Given records below:

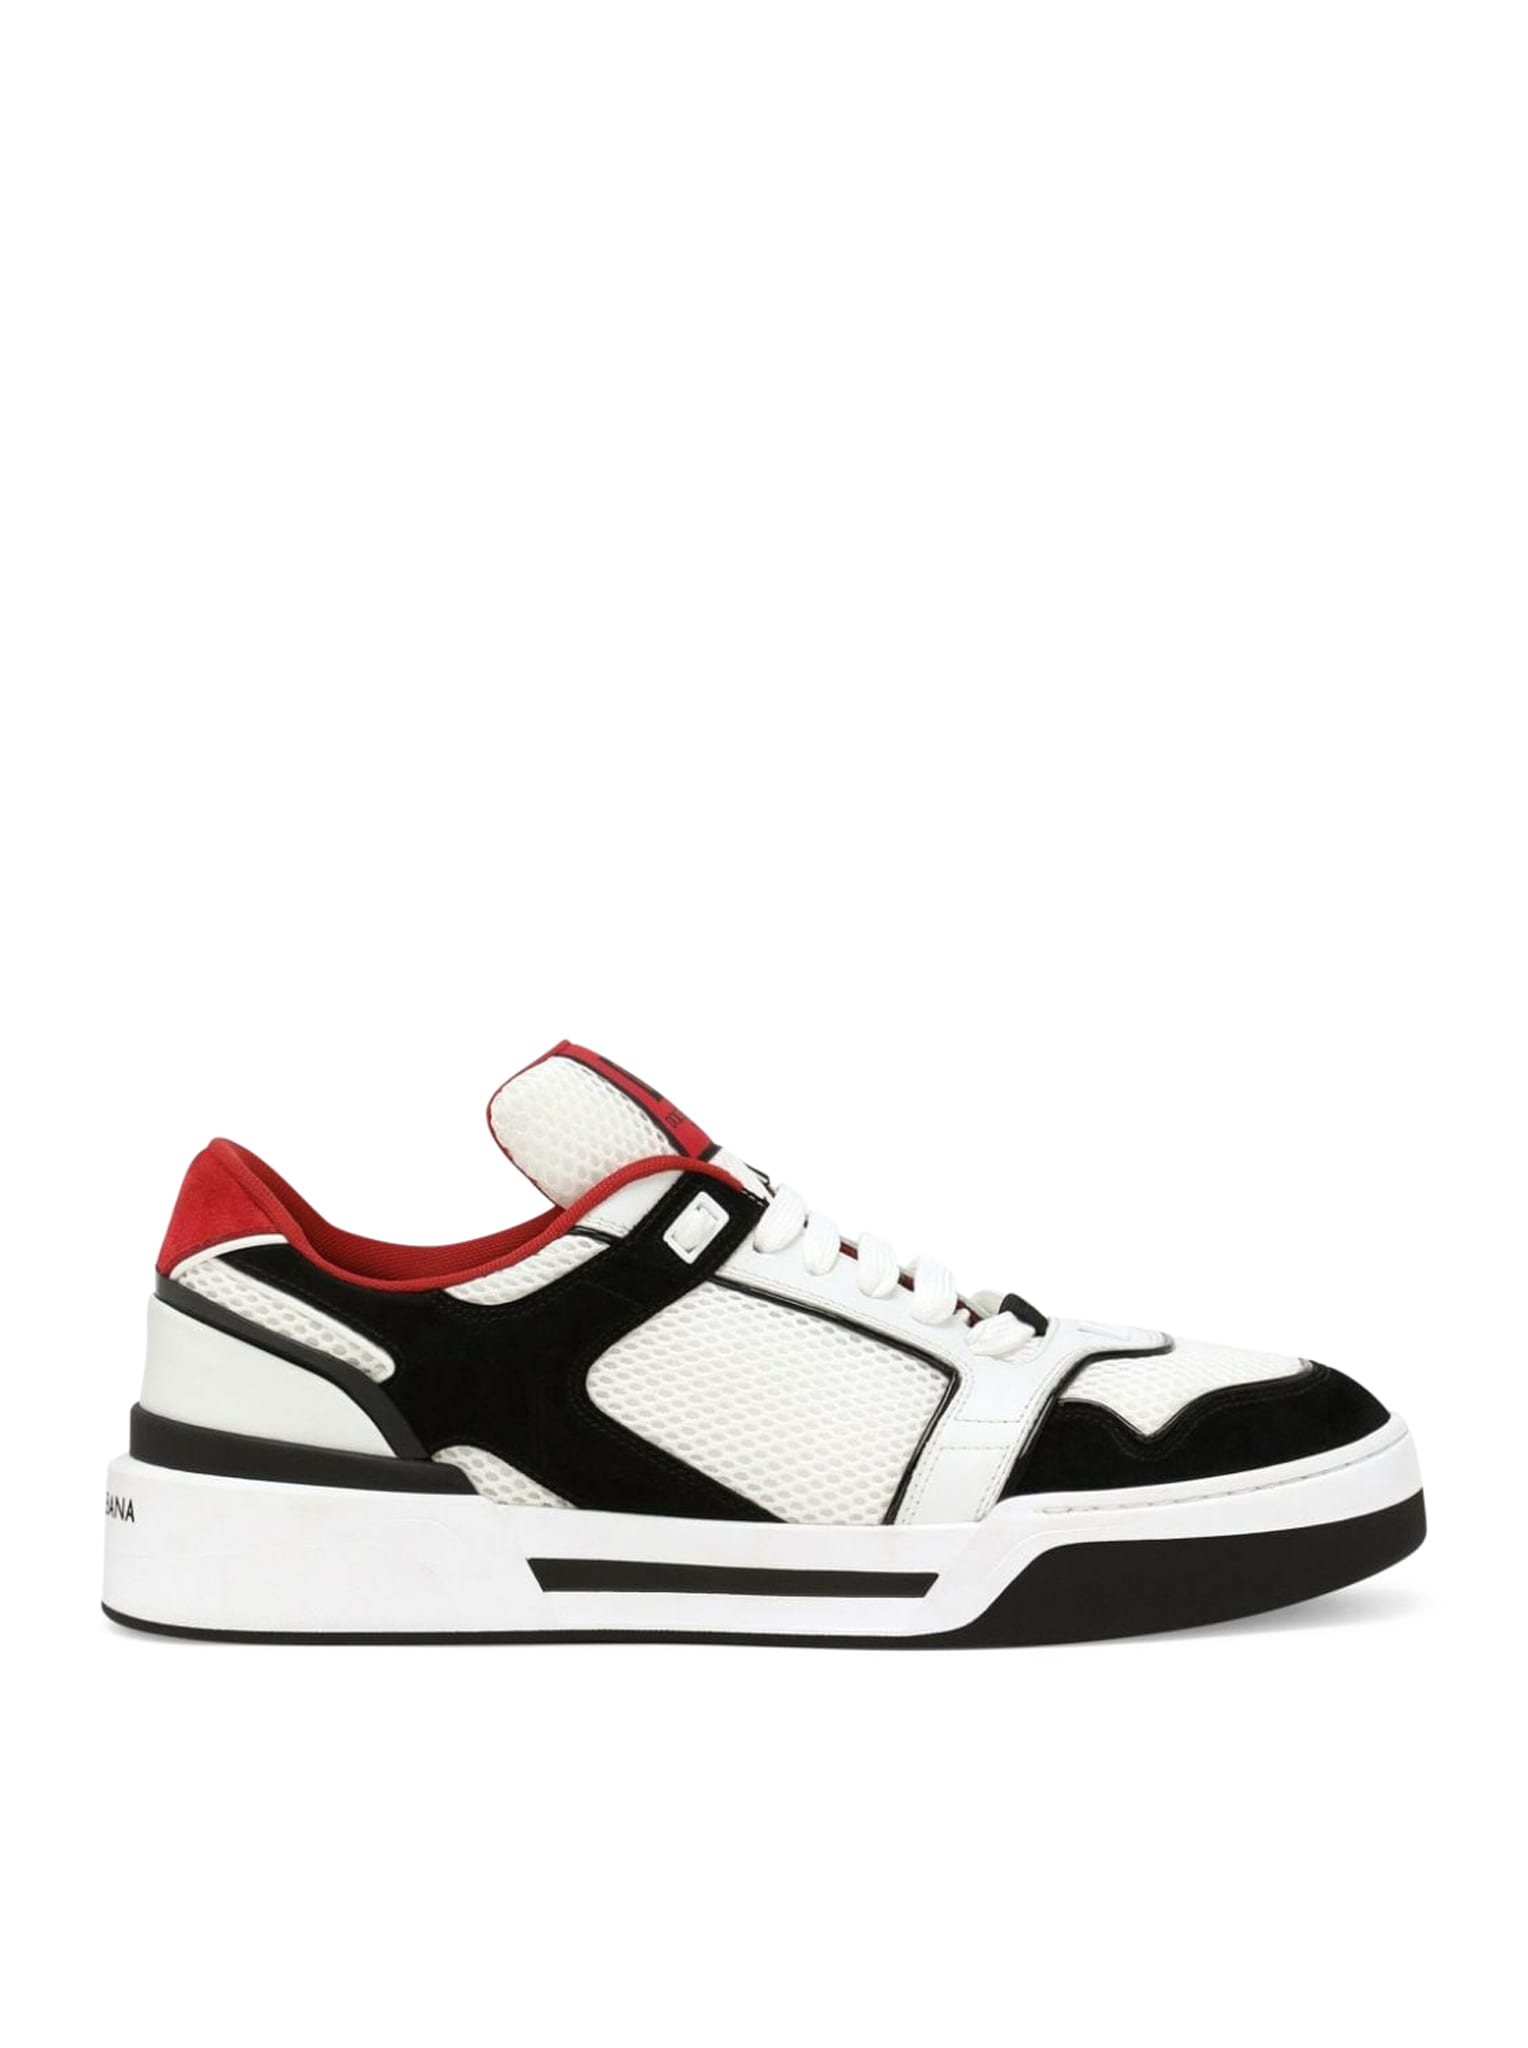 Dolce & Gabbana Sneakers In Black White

End of Given records.
Given records below:

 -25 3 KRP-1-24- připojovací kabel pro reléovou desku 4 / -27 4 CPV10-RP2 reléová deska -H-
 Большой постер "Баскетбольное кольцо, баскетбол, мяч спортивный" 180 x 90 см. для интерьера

End of Given records.

Task description » Repeat exactly the lines above from the one with "-25 3 KRP-1-24- připojovací" up to and including the one with "см. для интерьера". No other line belongs in the reply.

Response »
 -25 3 KRP-1-24- připojovací kabel pro reléovou desku 4 / -27 4 CPV10-RP2 reléová deska -H-
 Большой постер "Баскетбольное кольцо, баскетбол, мяч спортивный" 180 x 90 см. для интерьера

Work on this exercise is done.